While our algorithm has proven to be highly effective, it is important to acknowledge its limitations. Firstly, YOLOv3, the object detection model I utilized, is less accurate in low-light conditions, such as at night. As a result, the number of vehicles detected will be significantly lower, potentially leading to incorrect assumptions about traffic volume. Additionally, the model struggles to detect objects at long distances, meaning that there is a cap on the number of vehicles that can be detected in long queues.

Furthermore, it’s important to consider that border crossings can vary significantly in design. While the majority of borders may follow a similar layout, there are some with more complex features, such as curved lanes and additional barriers. These variations can render the algorithm unusable in certain scenarios. It’s worth noting that further development and optimization could potentially address these limitations, but for now, it’s essential to take these factors into account when implementing our solution.

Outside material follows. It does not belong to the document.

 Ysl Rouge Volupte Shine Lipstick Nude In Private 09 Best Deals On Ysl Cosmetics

Example border checkpoint from the “Tabanovce” crossing (public domain) where the lane speed algorithm cannot be used.

While this solution provides an effective means of determining vehicle speed and traffic congestion at border checkpoints, there is still room for improvement. One area for future work is to explore other object detection models to see if they offer improved accuracy in low-light conditions or when detecting objects at longer distances.

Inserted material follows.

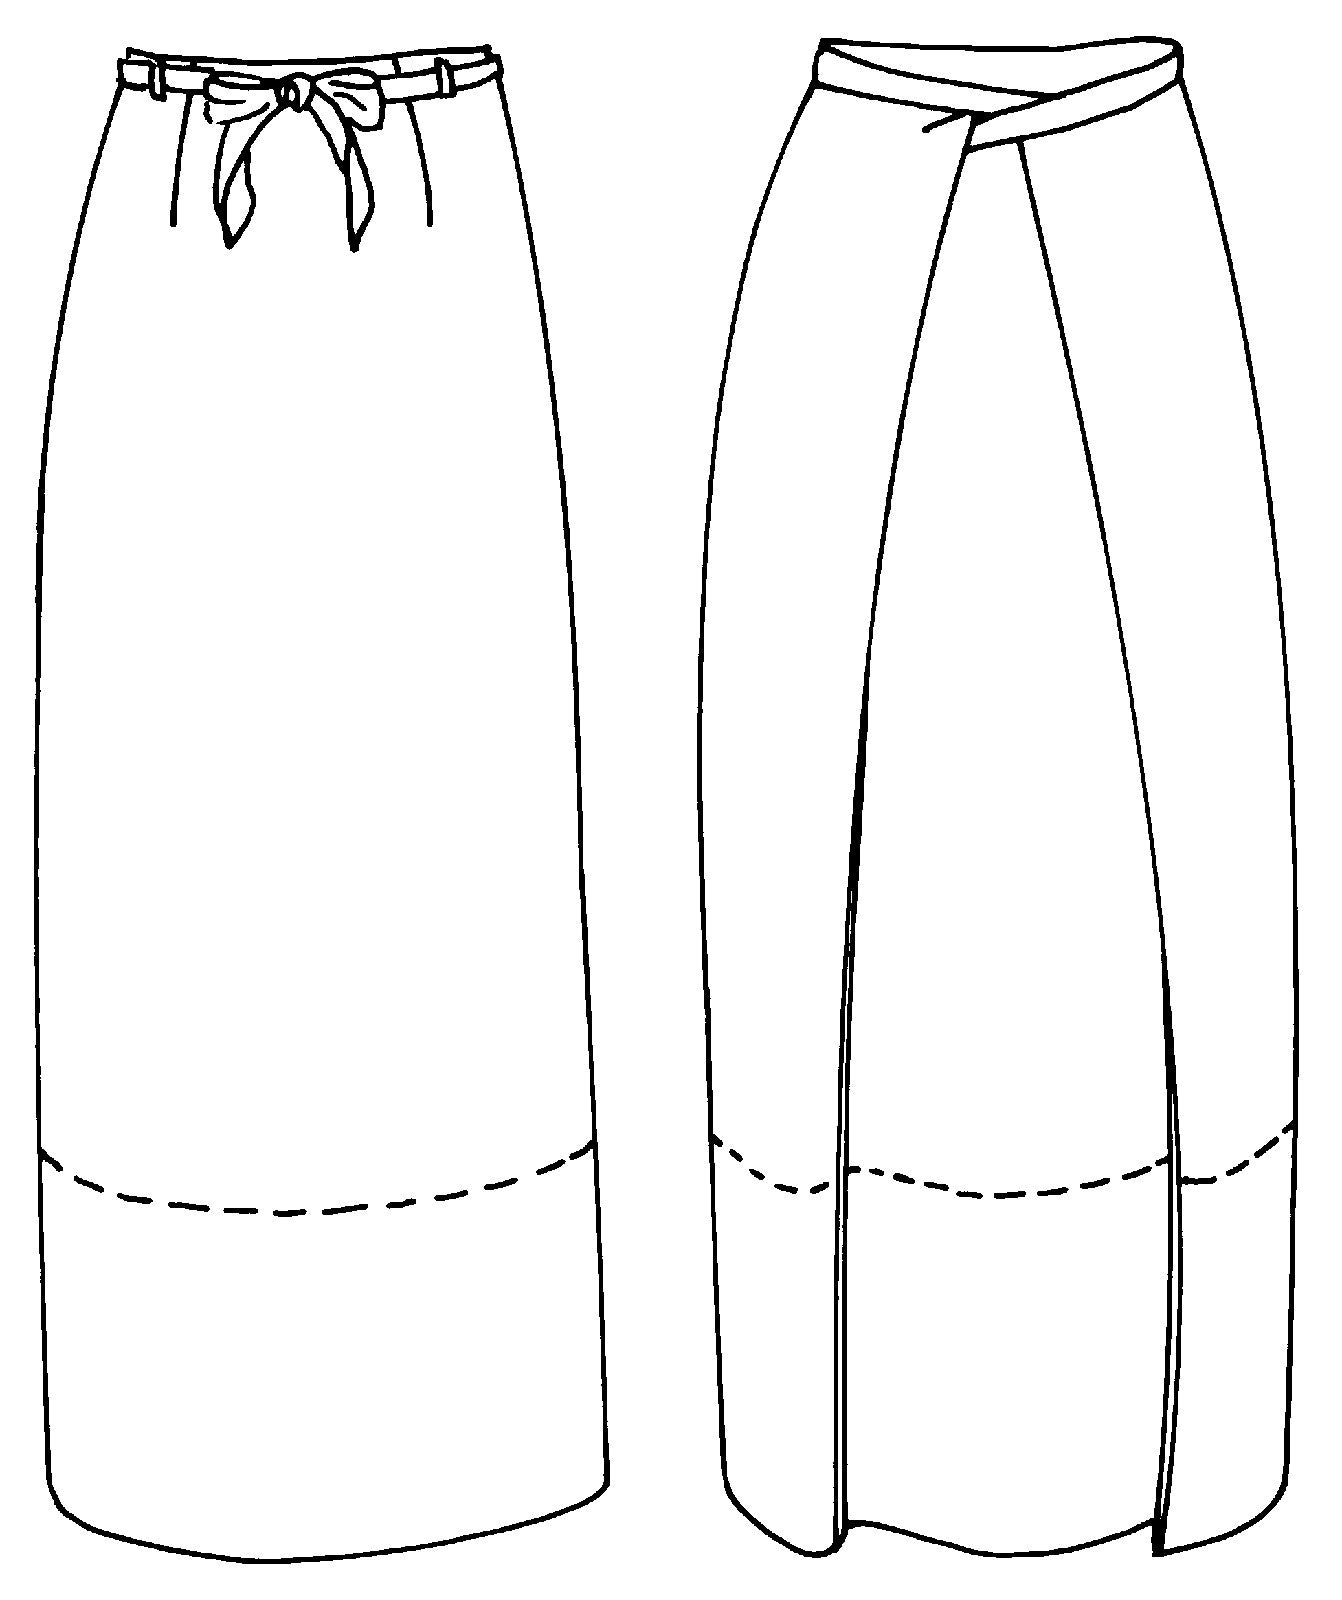 Flat line drawing of front and back views of Chupa inspired skirt.

Additionally, it may be useful to investigate the feasibility of implementing this algorithm at border crossings with more complex layouts. This could involve developing new algorithms to address the challenges posed by curved lanes, additional barriers, or other features unique to those crossings.

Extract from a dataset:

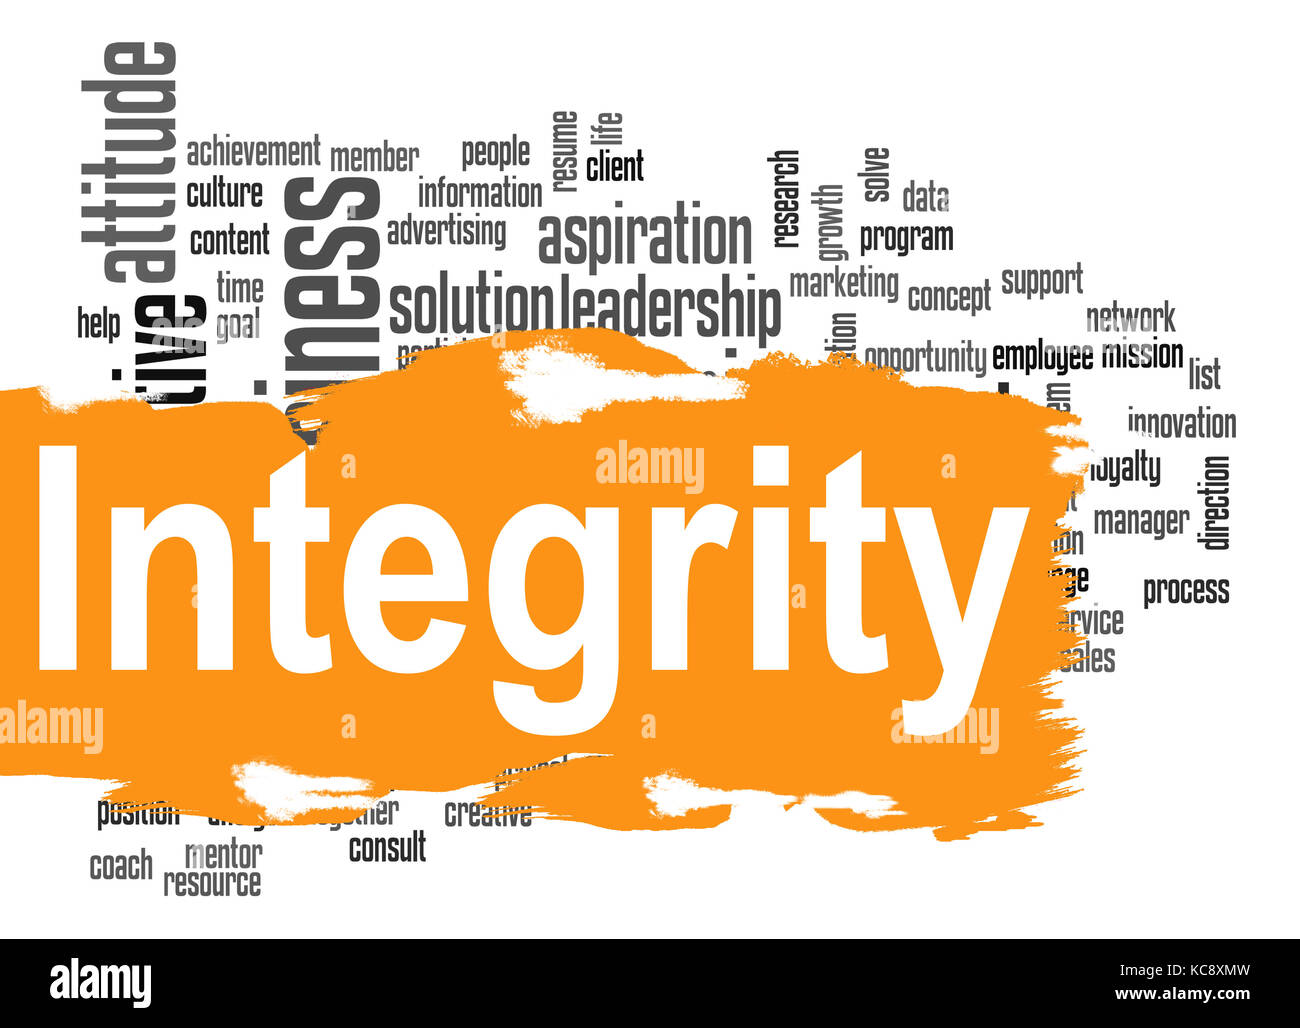 Integrity Plus download the new

Furthermore, the current solution could be extended to incorporate machine learning techniques that could adapt to changing traffic patterns over time. By training the model on data collected over an extended period, it could potentially learn to adjust its parameters based on traffic conditions, improving its accuracy and reliability over time.

Finally, it may be possible to integrate data from other sources, such as social media or traffic cameras, to provide a more comprehensive understanding of traffic patterns at border crossings. By incorporating data from a range of sources, it may be possible to find correlations between traffic patterns and external factors, such as weather or public events, providing valuable insights for traffic management and future planning. This data can help people better plan their trips, by setting departure times in which there is the least expected traffic.

In conclusion, by using machine vision algorithms, we have developed an effective solution for determining vehicle speed and traffic volume at border crossings. You can experiment with the code on GitHub and try what results you get with the border crossings near you. Thank you for reading!